For Léonie, the XV Rome Commission is a unique opportunity to explore her anxieties about how the contemporary world can feel dislocated. This includes her fears for the next generations, from the paralysis shown by mankind in the face of environmental destruction to the growing division of wealth that now encourages so many to risk their lives to cross perilous borders. Léonie searched for how she should interpret this vision of a broken world.

In summer 2017, she came to Rome at the end of an incredibly hot season. The city was struggling with acute water shortages and trying to deal with an ever-growing numbers of migrants.

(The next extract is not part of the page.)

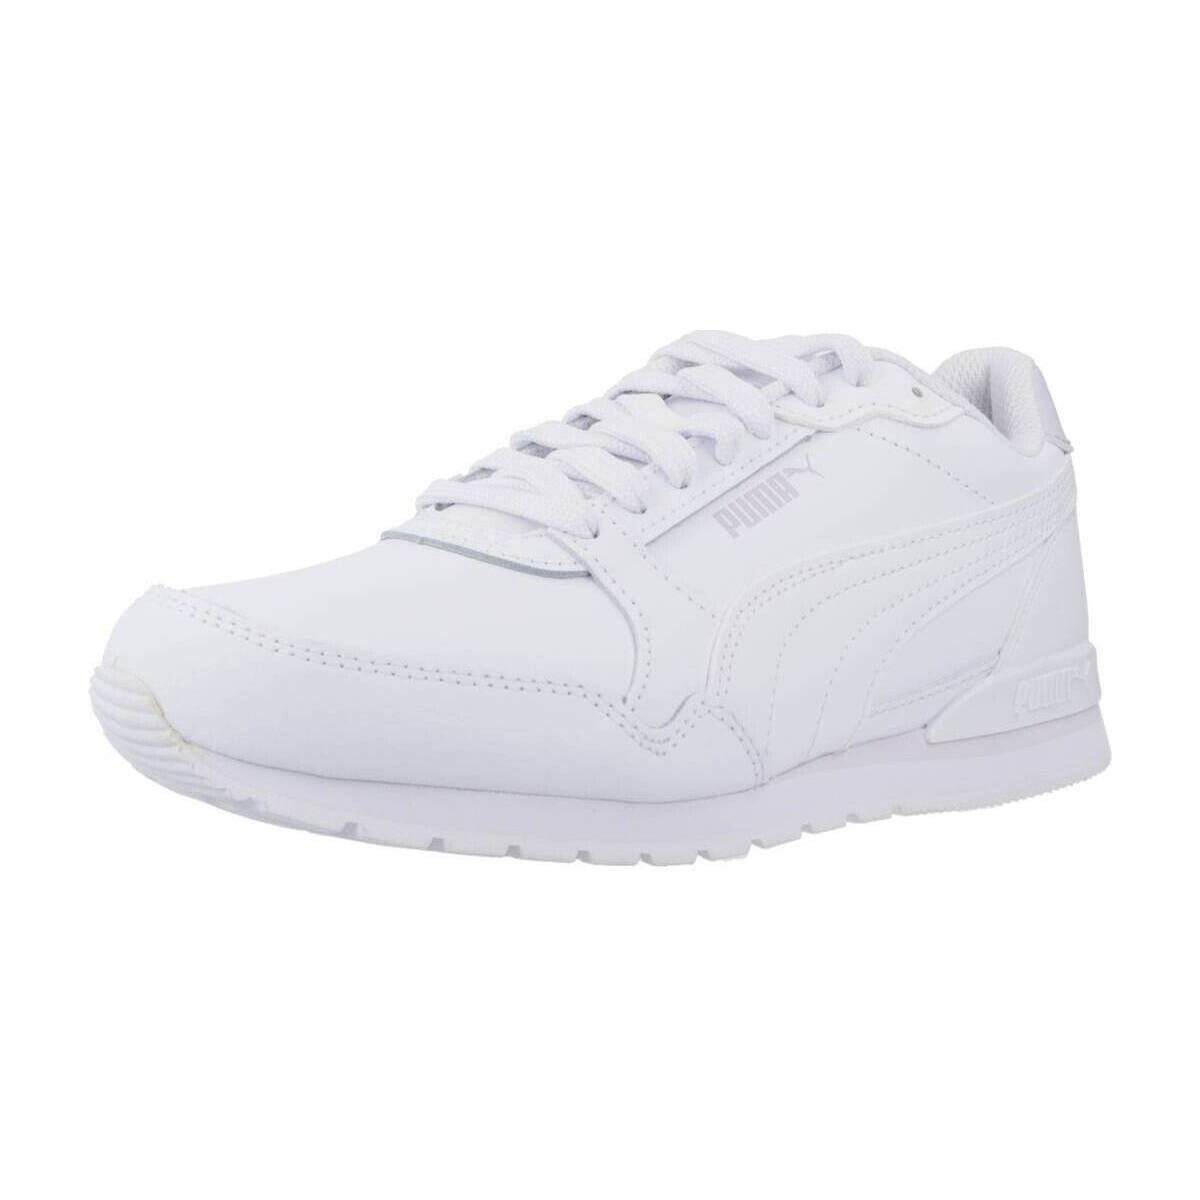 Παπούτσια Γυναίκα Sneakers Puma ST RUNNER V3 L Άσπρο

For Léonie, the ubiquitous ruins of the classical and monumental were a constant background to the personal stories taking place in the city. 

She explored the peripheries of the city, guided by Stalker, an artist and architect collective renowned for their encyclopedic knowledge of Rome’s neglected treasures. She sought out Rome’s half-completed buildings and abandoned urban projects, its wastelands returning to wilderness, and the temporary cardboard cities on the banks of the River Tiber, constructed by migrants trapped in legal limbo. 

Léonie’s Roman images describe a world on the brink of collapse. However they are teeming with life. The presence of children is recurrent in her new series. Léonie’s dystopian dream-world spins as the children sleep. Their innocence and vitality exist as hope for the future of this world.

 

The photographers who have previously been invited to complete the Rome Commission include: Josef Koudelka, Olivo Barbieri, Anders Petersen, Martin Parr, Graciela Iturbide, Gabriele Basilico, Guy Tillim, Tod Papageorge, Alec Soth, Paolo Ventura, Tim Davis, Marco Delogu, Paolo Pellegrin, Roger Ballen and Simon Roberts.